GIVEN DATA: Begin
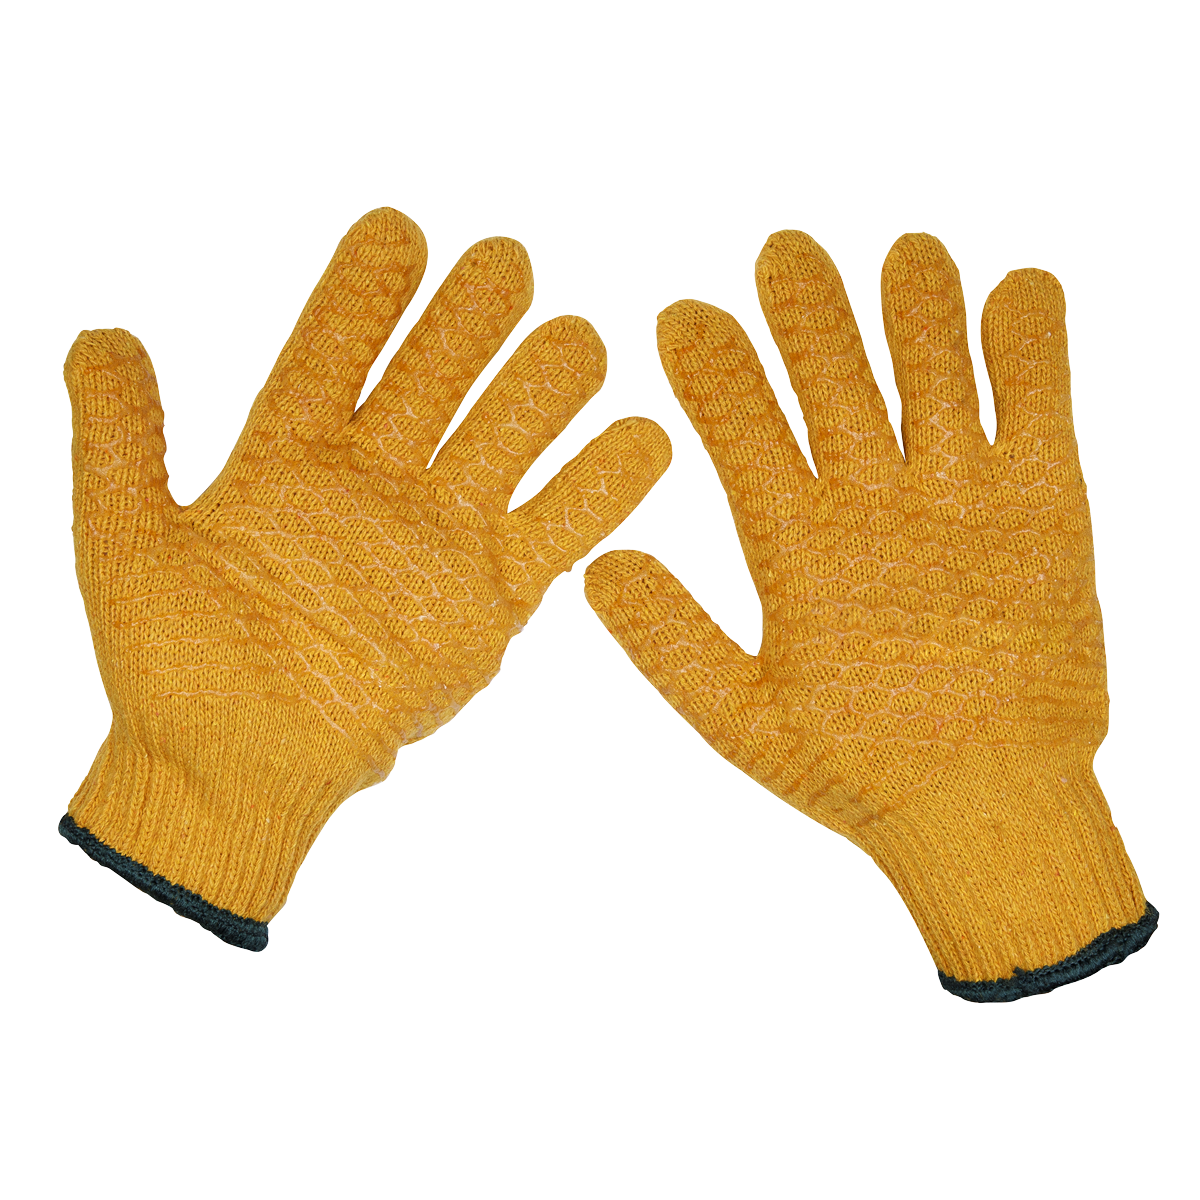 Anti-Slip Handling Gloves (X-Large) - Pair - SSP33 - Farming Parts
GIVEN DATA: End
GIVEN DATA: Begin
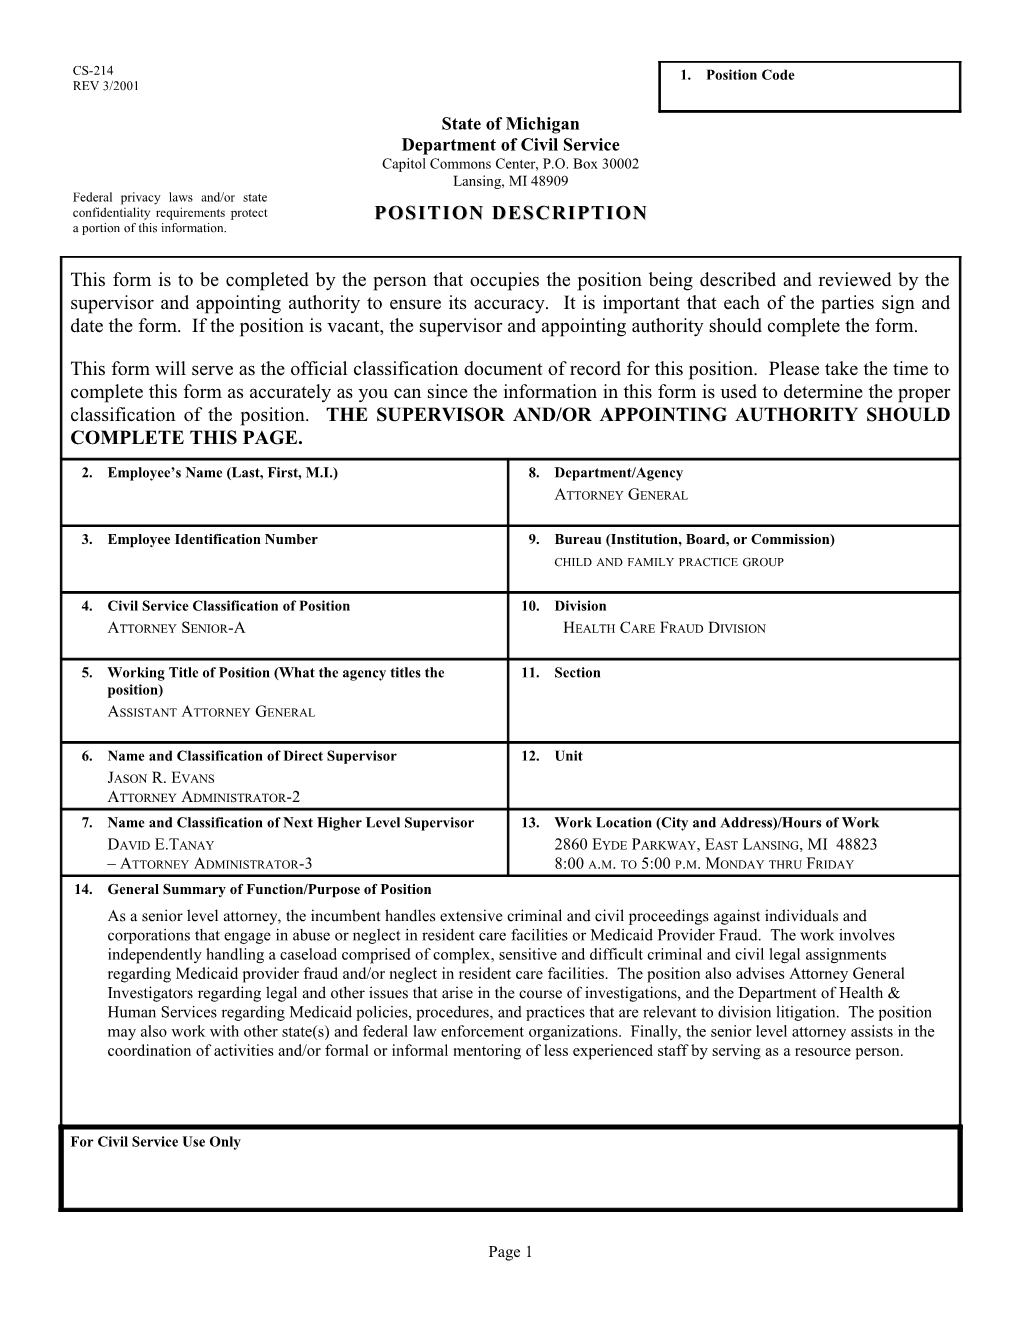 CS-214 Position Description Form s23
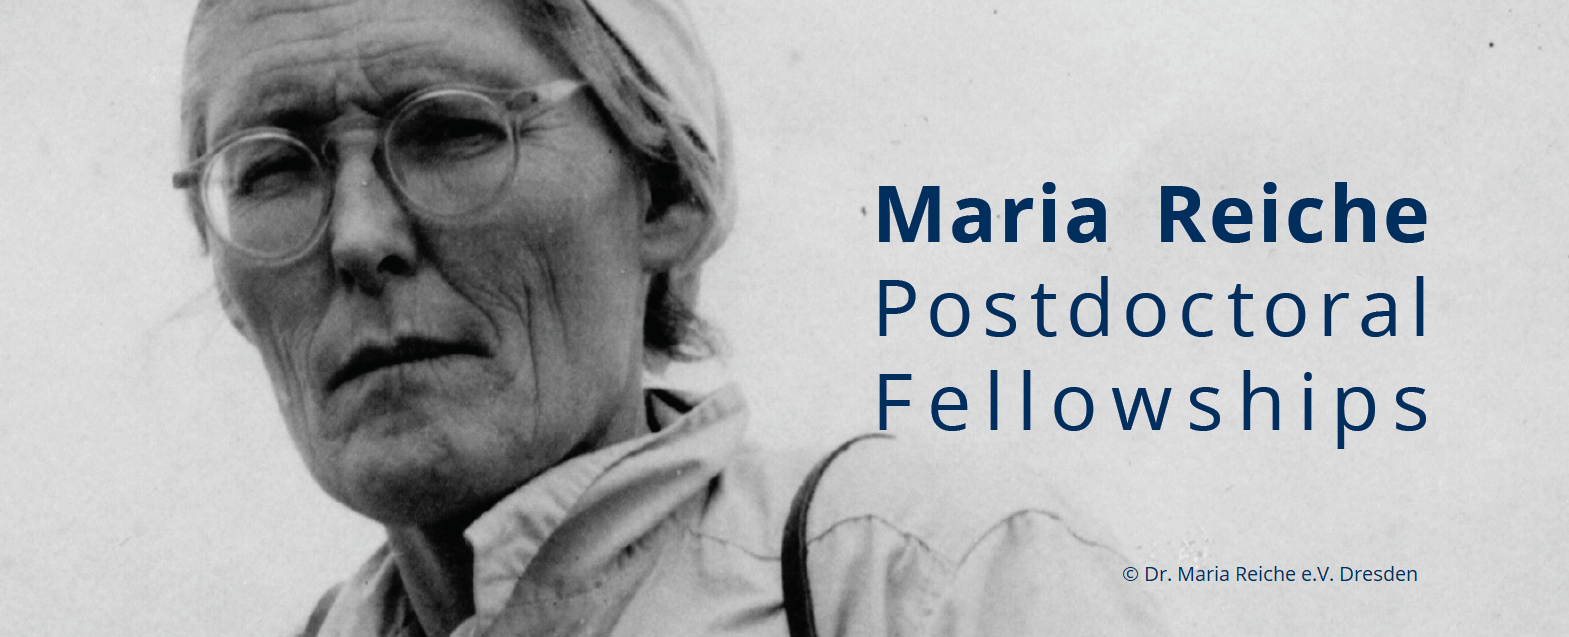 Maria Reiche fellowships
GIVEN DATA: End
> WHAT THE TASK ASKS
Up in the listing, locate the line with "CS-214 Position Description Form s23"; print it and every line after it down to the line with "Maria Reiche fellowships", which is included too. Skip the pictures.

> EXERCISE SOLUTION
 CS-214 Position Description Form s23
 Maria Reiche fellowships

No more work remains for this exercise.